There's no point adding in (expo << 15) a second time.

> With this change, on Linux32:
> ...
> >>> base = 2.**40 + 0.5
> >>> base
> 1099511627776.5
> >>> for i in range(32, 45):
> ...     x = base + 2.**i
> ...     print x, hash(x)
> ...
> 1.10380659507e+12 -2141945856
> 1.10810156237e+12 -2137751552
> 1.11669149696e+12 -2129362944
> 1.13387136614e+12 -2112585728
> 1.16823110451e+12 -2079031296
> 1.23695058125e+12 -2011922432
> 1.37438953472e+12 -1877704704
> 1.64926744166e+12 -1609269248
> 2.19902325555e+12 -2146107392
> 3.29853488333e+12 -1609236480
> 5.49755813888e+12 -1877639168
> 9.89560464998e+12 -2011824128
> 1.86916976722e+13 -2078900224
>
>
> On Linux64:
>
> >>> base = 2.**40 + 0.5
> >>> base
> 1099511627776.5
> >>> for i in range(32, 45):
> ...     x = base + 2.**i
> ...     print x, hash(x)
> ...
> 1.10380659507e+12 2153021440
> 1.10810156237e+12 2157215744
> 1.11669149696e+12 2165604352
> 1.13387136614e+12 2182381568
> 1.16823110451e+12 2215936000
> 1.23695058125e+12 2283044864
> 1.37438953472e+12 2417262592
> 1.64926744166e+12 2685698048
> 2.19902325555e+12 2148859904
> 3.29853488333e+12 2685730816
> 5.49755813888e+12 2417328128
> 9.89560464998e+12 2283143168
> 1.86916976722e+13 2216067072

>>-- and that should also fix your 64-bit woes "by magic".

> As you can see it did not, but for another reason.

I read your original complaint as that hash(double) yielded different
results between two *64* bit platforms (Linux64 vs Win64), but what you
showed above appears to be a comparison between a 64-bit platform and a
32-bit platform, and where presumably sizeof(long) is 8 on the former but 4
on the latter.  If so, of *course* results may be different:  hash returns a
C long, and they're different sizes across these platforms.

In any case, the results above aren't really different!

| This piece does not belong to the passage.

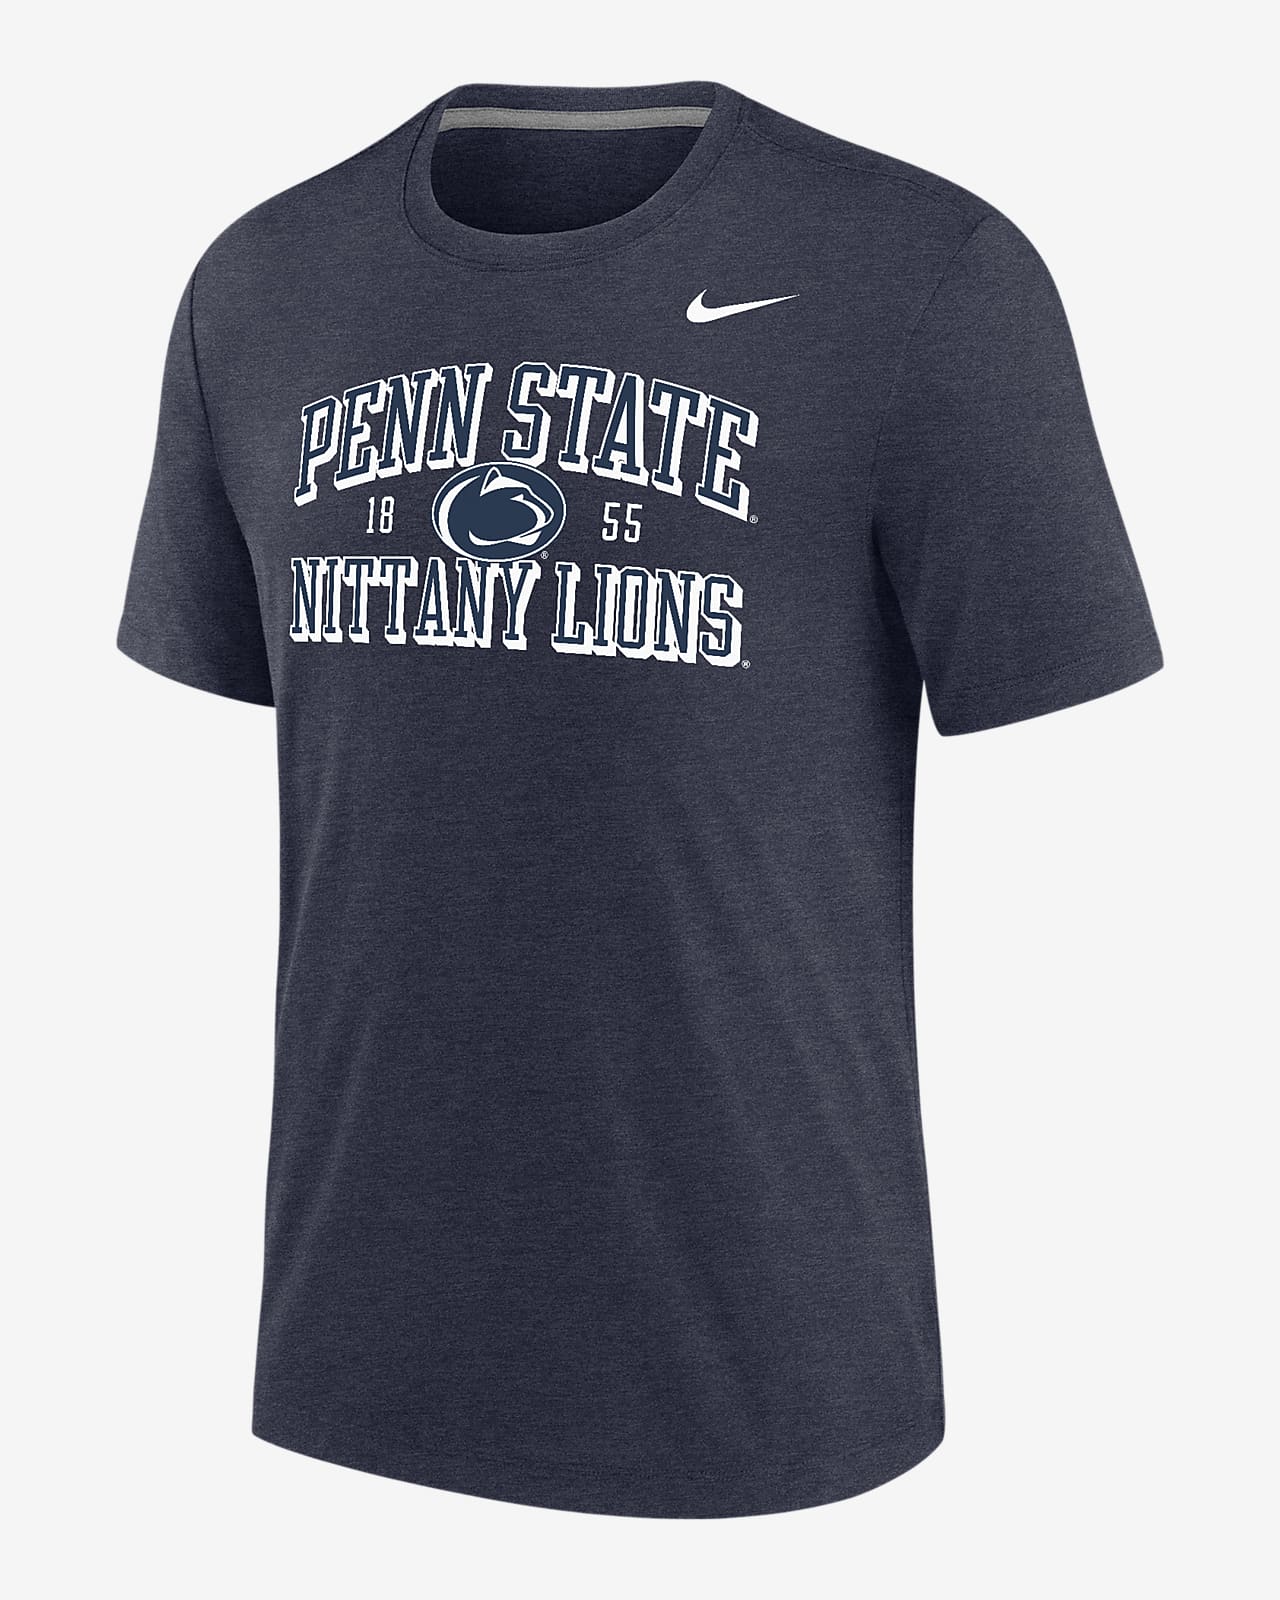 Playera Nike College para hombre Penn State
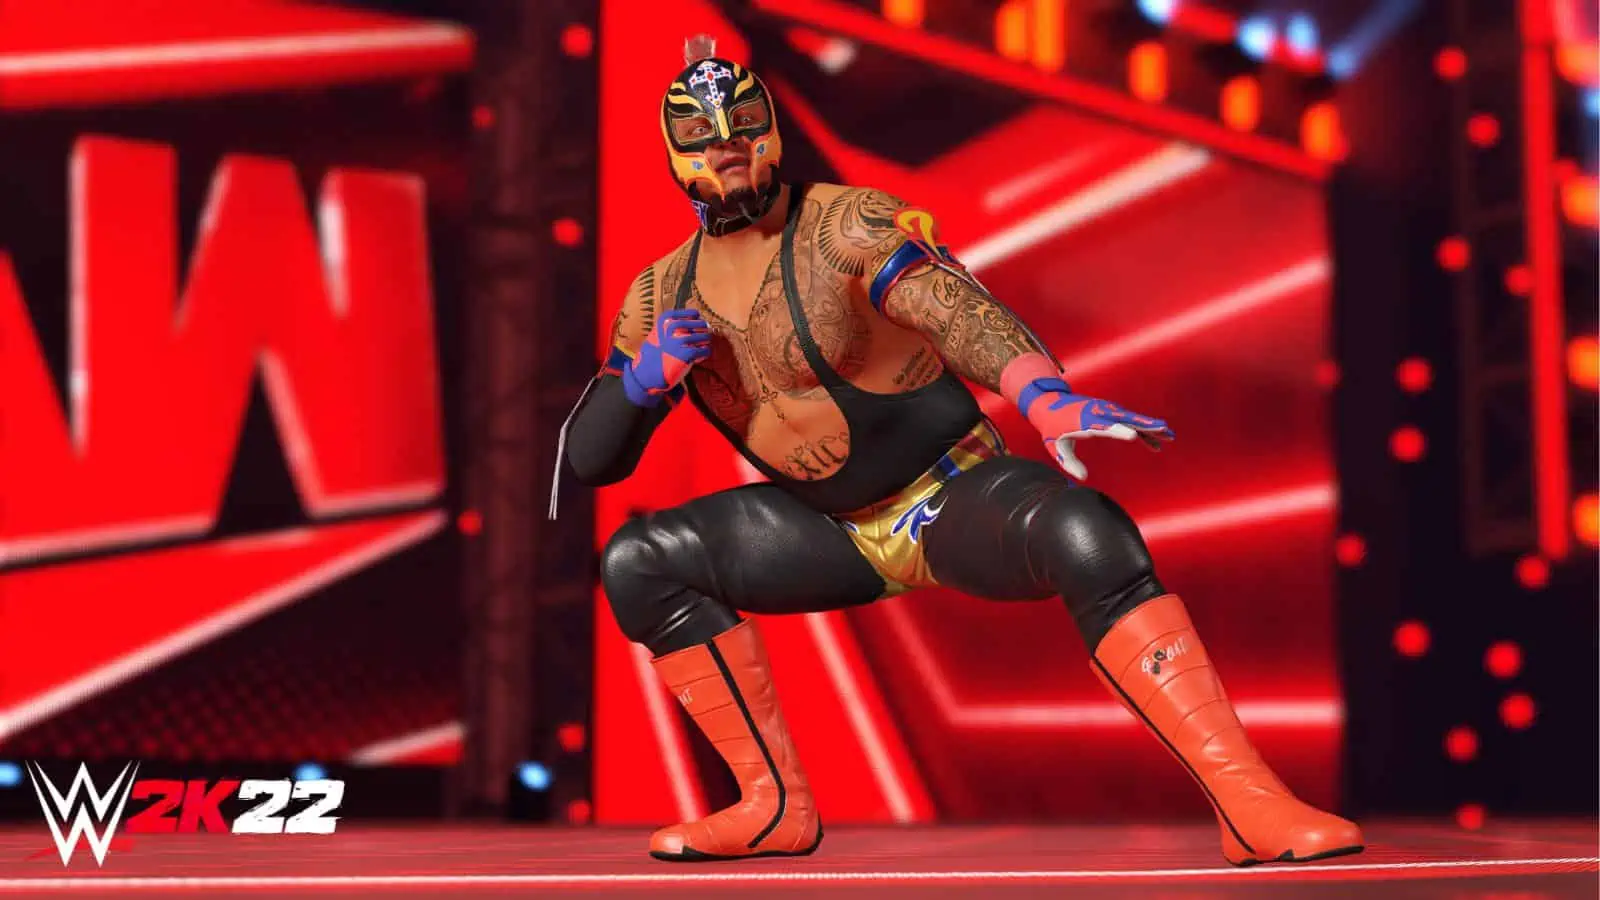 WWE 2K22 game character

>>> hex(-2141945856)  # 1st result from Linux32
'0x80548000'
>>> hex(2153021440L)  # 1st result from Linux64
'0x80548000L'
>>>

That is, the bits are the same.  How much more do you want from me <wink>?

> The summation of the parts overflows 'x'. Is this a problem? I.e., does
> it matter if a hash function returns an overflowed integral value (my
> hash function ignorance is showing)?

Overflow generally doesn't matter.  In fact, it's usual <wink>; e.g., the
hash for strings iterates over

    x = (1000003*x) ^ *p++;

and overflows madly.  The saving grace is that C defines integer overflow in
such a way that losing the high bits on every operation yields the same
result as if the entire result were computed to infinite precision and the
high bits tossed only at the end.  So overflow doesn't hurt this from being
as reproducible as possible, given that Python's int size is different.

Overflow can be avoided by using xor instead of addition, but addition is
generally preferred because it helps to "scramble" the bits a little more.

> And if this does not matter, does it matter that a hash returns different
> values on different platforms?

No, and it doesn't always stay the same from release to release on a single
platform.  For example, your patch above will change hash(double) on Win32!

>> a hash function should never ignore any bit in its input.

> Which brings up a question regarding instance_hash(), func_hash(),
> meth_hash(), HKEY_hash() [or whatever it is called], and other
> which cast a pointer to a long (discarding the upperhalf of the
> pointer on Win64). Do these really need to be fixed. Am I nitpicking
> too much on this whole thing?

I have to apologize (although only semi-sincerely) for not being meaner
about this when I did the first 64-bit port.  I did that for my own use, and
avoided the problem areas rather than fix them.  But unless a language dies,
you end up paying for every hole in the end, and the sooner they're plugged
the less it costs.

That is, no, you're not nitpicking too much!  Everyone else probably thinks
you are <wink>, *but*, they're not running on 64-bit platforms yet so these
issues are still invisible to their gut radar.  I'll bet your life that
every hole remaining will trip up an end user eventually -- and they're the
ones least able to deal with the "mysterious problems".